_SUPPLIED MATERIAL_.

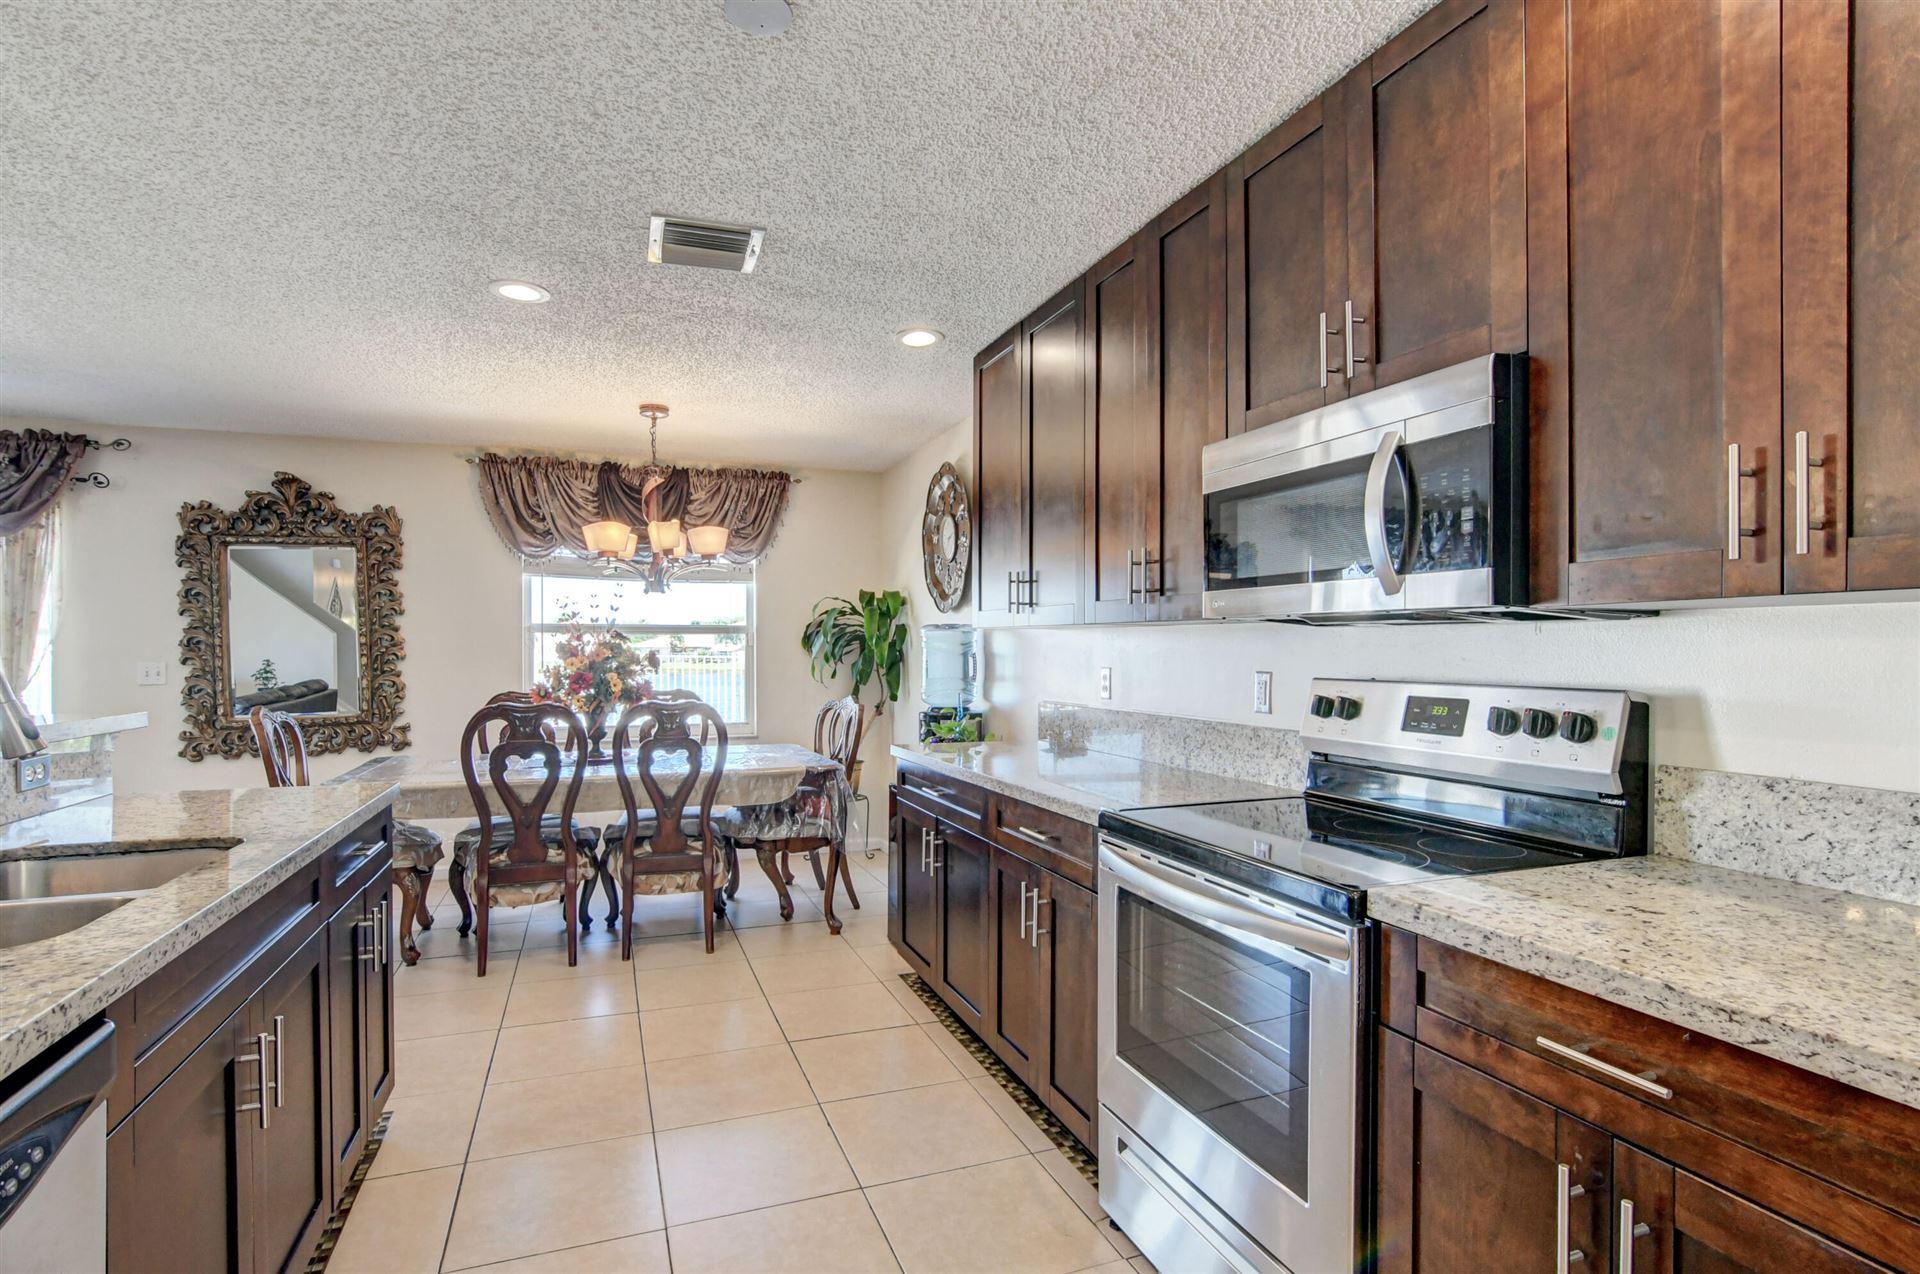 6666 Rainwood Cove Lane, Lake Worth, FL 33463 - MLS#: RX-10745017
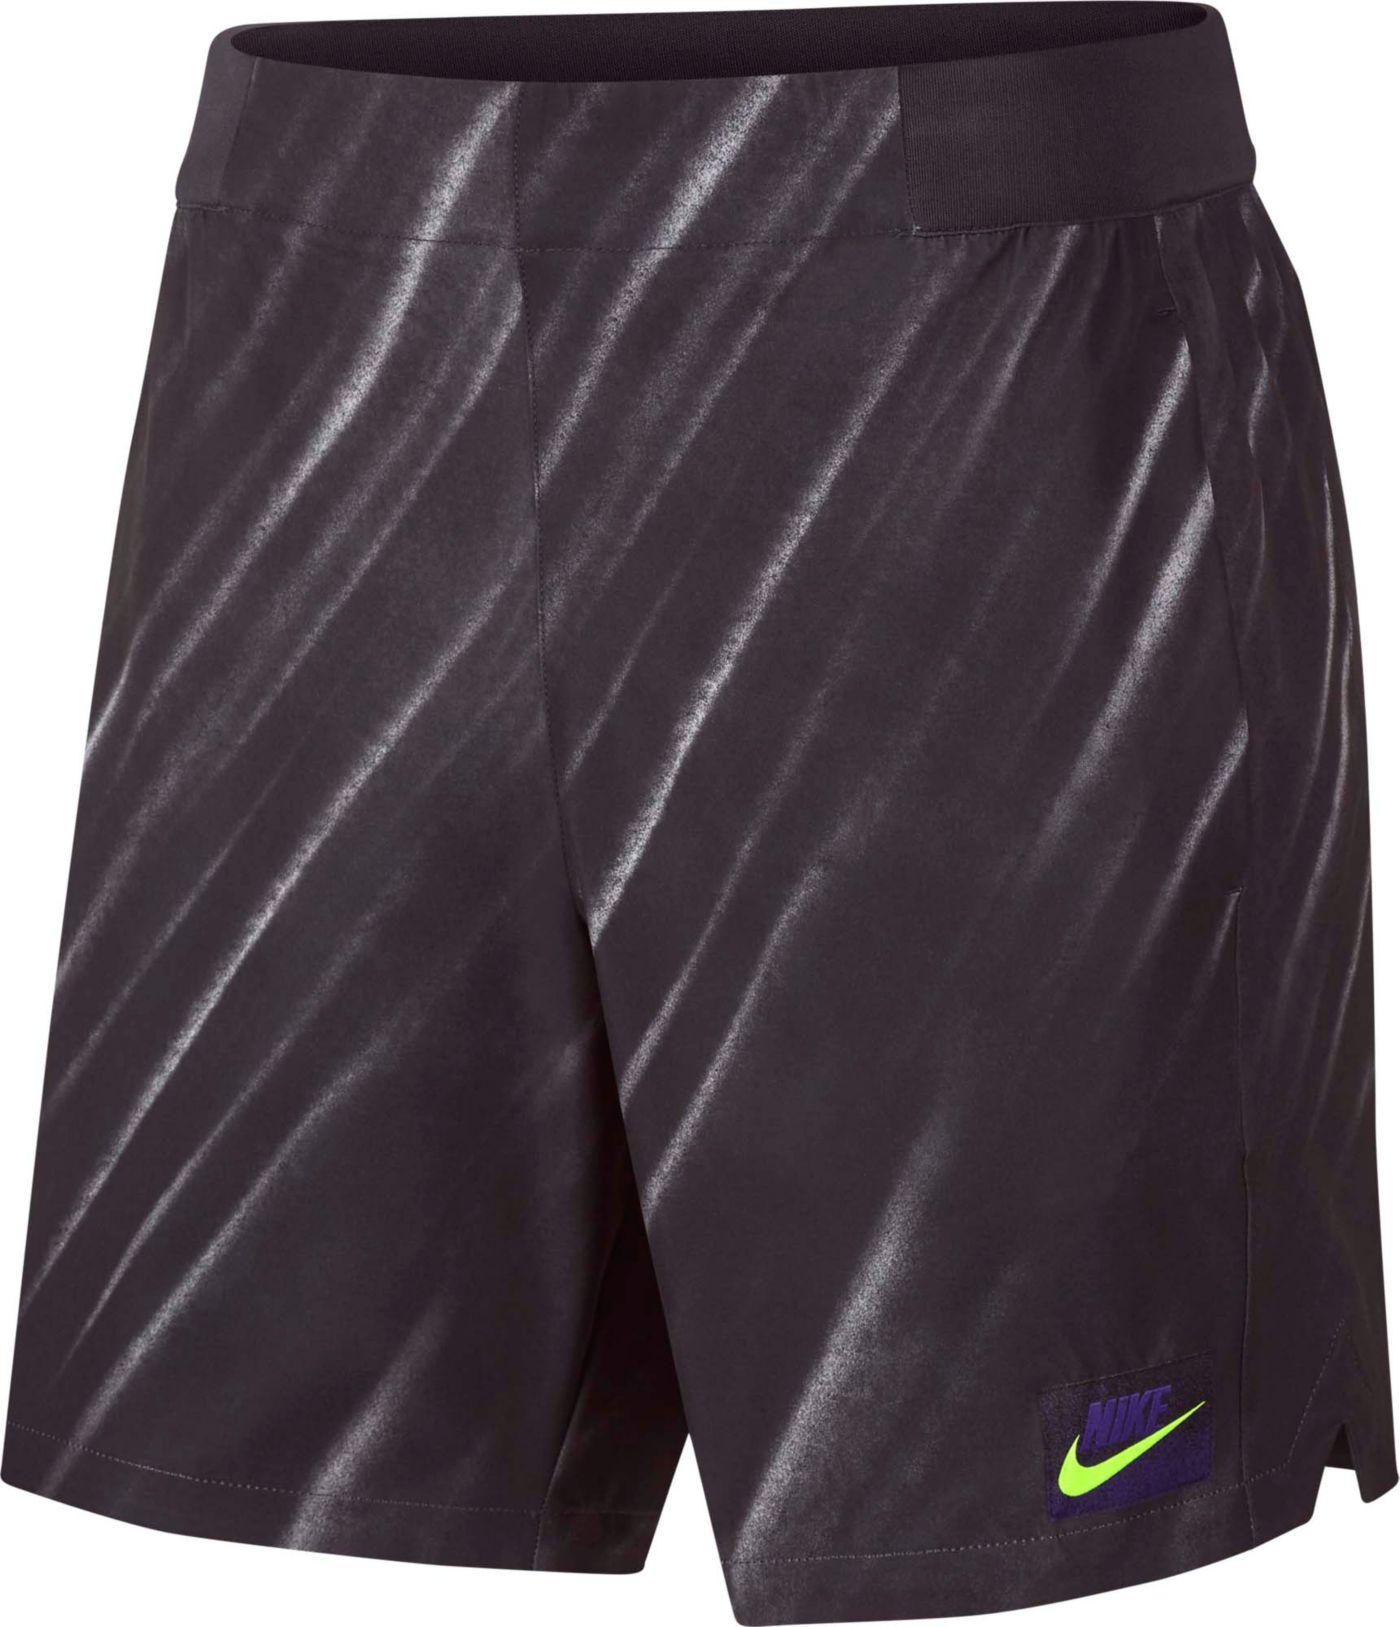 Nike Men's NikeCourt Flex Ace Tennis Shorts
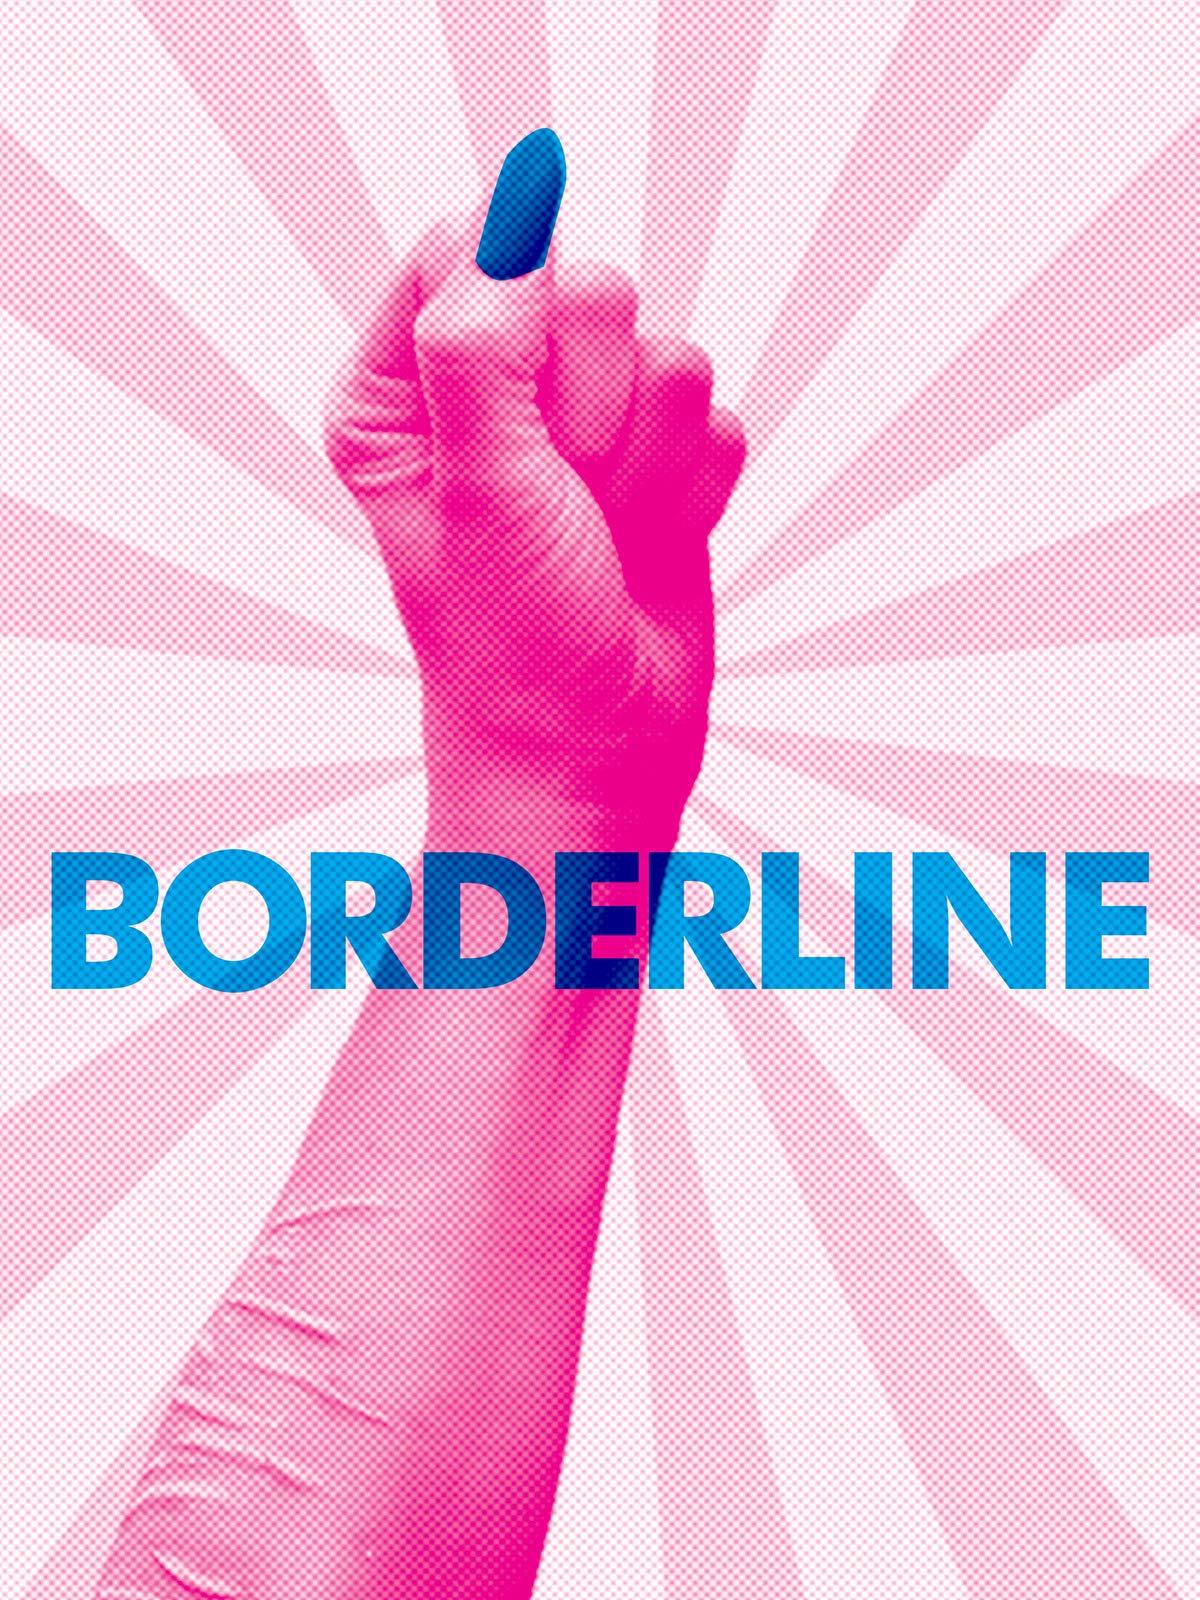 Borderline on Amazon Prime Video UK

_WORK REQUEST_.
Your answer must reproduce exactly the lines from the line with "Nike Men's NikeCourt Flex Ace Tennis Shorts" through the end of the material, both ends included, with every picture dropped.

_FINISHED TASK_.
 Nike Men's NikeCourt Flex Ace Tennis Shorts
 Borderline on Amazon Prime Video UK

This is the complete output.